Juiz é a favor das audiências de conciliação

Juiz de Direito, Sancler Adilson Alves está em Armazém há poucos meses e desde então trabalha para dar andamento aos processos da Comarca de Armazém, que compreende as cidades de Gravatal, Armazém e São Martinho e conta com uma população total de 21.597 habitantes.
O juiz conta que veio para a Comarca por solicitação e merecimento e afirma que está satisfeito com sua escolha. “Acredito que estão no caminho certo aqui, pois a polícias trabalham unidas e isto contribui para o bom andamento dos trabalhos”, comenta ele.
Sobre os atos da justiça o Juiz comenta que todos precisam colaborar com ela e que o juiz não é capaz de decidir sem provas suficientes para condenar ou absolver alguém e, é enfático: “O papel da polícia é muito importante nesta hora, pois ela precisa prender o acusado e recolher provas que possam fortalecer a decisão do juiz”. E, com isso, afirma que o velho jargão: “a polícia prende e a justiça solta”, deixaria de ser uma máxima. “Sei que a polícia faz tudo que pode, principalmente, diante do número reduzido de efetivos”. E continua: “Fico feliz em saber que na Comarca de Armazém as policias civil e militar trabalham juntas, pois isso amplia as chances de se fazer um trabalho completo”.
Com relação as estatísticas, segundo Sancler Adilson Alves a Comarca de Armazém possui 5.500 processos ativos e outros 1.000 arquivados. E os juízes catarinenses têm como meta avaliarem 200 processos por mês. Um fato bem longe dessa realidade, por exemplo, é vida dos juízes em Portugal, que precisam analisar 60 processos por ano.
Comparando os dados fica clara a morosidade da justiça brasileira. E neste ponto o juiz acredita que com a implantação do processo eletrônico (SAJ-5) e o fim do processo físico, as análises poderão ter outro ritmo. Inclusive salienta que o cidadão poderá acessar o processo de casa, via internet. “Na verdade o que precisamos é intensificar as audiências de conciliação, onde o desgaste é muito menor e as pessoas podem resolver seus problemas de maneira mais rápida e mais satisfatória”.
Sobre a demora da justiça e dos julgamentos o juiz afirma que há regras processuais em todas as instâncias do Poder Judiciário. E esclarece: “Quando o cidadão entra com um processo contra alguém, o acusado tem direito de resposta e o requerente de fazer uma réplica e tudo isso com prazos de 30, 60 dias”. E continua: “Depois serão as análises processuais e outros tantos prazos legais que precisam ser seguidos, e o tempo vai passando e, por isso, as pessoas costumam dizer que a justiça não anda. O que é uma inverdade”.
Para o Juiz as pessoas precisam querer ajudar, sejam as envolvidas nos processos ou as testemunhas que contribuem com a confirmação do fatos. “A decisão do juiz nem sempre agrada as partes envolvidas e, por isso, as provas são tão importantes nos casos. Pois são elas que comprovam os atos dos envolvidos”.
Com relação às penas alternativas e as péssimas condições carcerárias do país o juiz comenta que o Estado e os cidadãos precisam orientar-se pelas regras da sociedade. E reforça: “O cidadão de bem sabe o correto a fazer e o marginal já é um transgressor das regras, por isso, está sendo acusado, punido…”. E, continua: “A polícia prende, o juiz fiscaliza e define como o réu deverá cumprir sua pena e cabe ao executivo gerir o sistema penal”.

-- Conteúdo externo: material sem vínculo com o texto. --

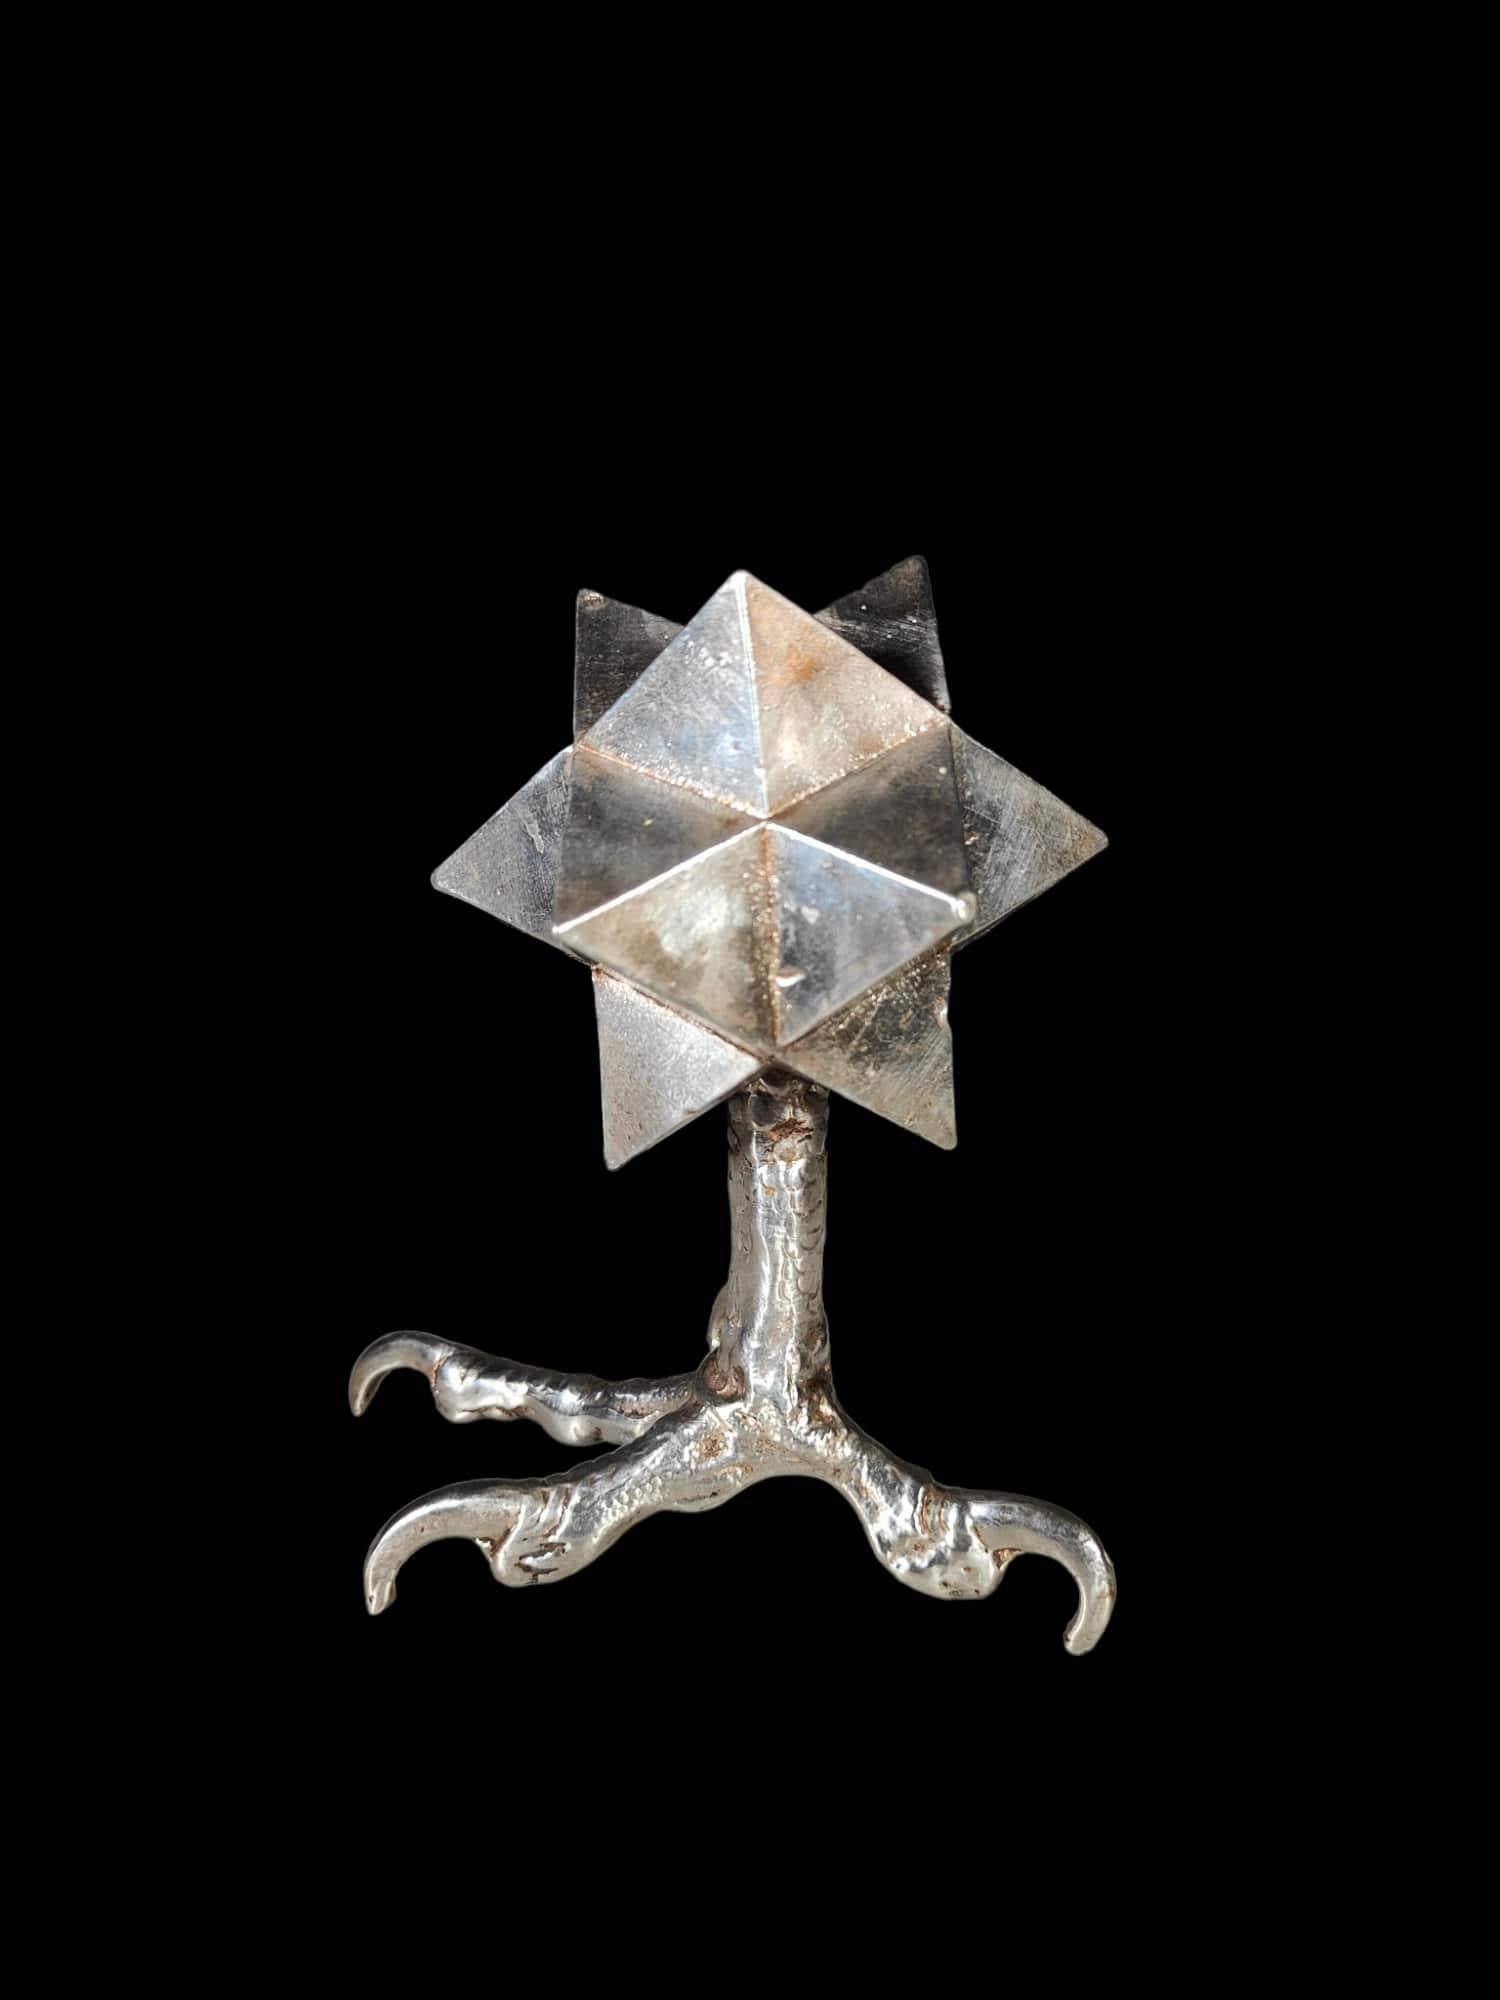 Metallic Polyhedron From The 19th Century – Hexaoctahedron With 48 Faces For Sale 8

A Audiência de Conciliação – fornece às partes um momento apropriado para tentar solucionar a demanda através de um acordo. Essa audiência poderá ser dirigida pelo juiz responsável pela causa, ou por um conciliador sob sua orientação. É assim que determina o art. 22 da Lei nº 9.099/95:
“Art. 22. A conciliação será conduzida pelo Juiz togado ou leigo ou por conciliador sob sua orientação”.
As partes, nessa oportunidade serão advertidas das vantagens que a solução amigável pode trazer, eliminando-se, dessa forma, o conflito instaurado. Também serão informadas sobre os riscos e quaisquer consequências que a tramitação de um processo judicial pode trazer.
Objetiva-se, portanto, a eliminação do conflito através da conciliação das partes, formalizada por um acordo judicial, que será devidamente homologado pelo juiz, e assim, constitui-se em título executivo judicial.

O novo Fórum – Segundo O juiz Sancler as obras do novo Fórum Dr. João Rui Szpoganicz deverá ser entregue em abril de 2014 e que estima-se que em dois meses se possa fazer a transposição dos processos, mobiliário e instalação dos equipamentos e poder atender a todos em um ambiente maior, com acessibilidade e mais conforto para todos.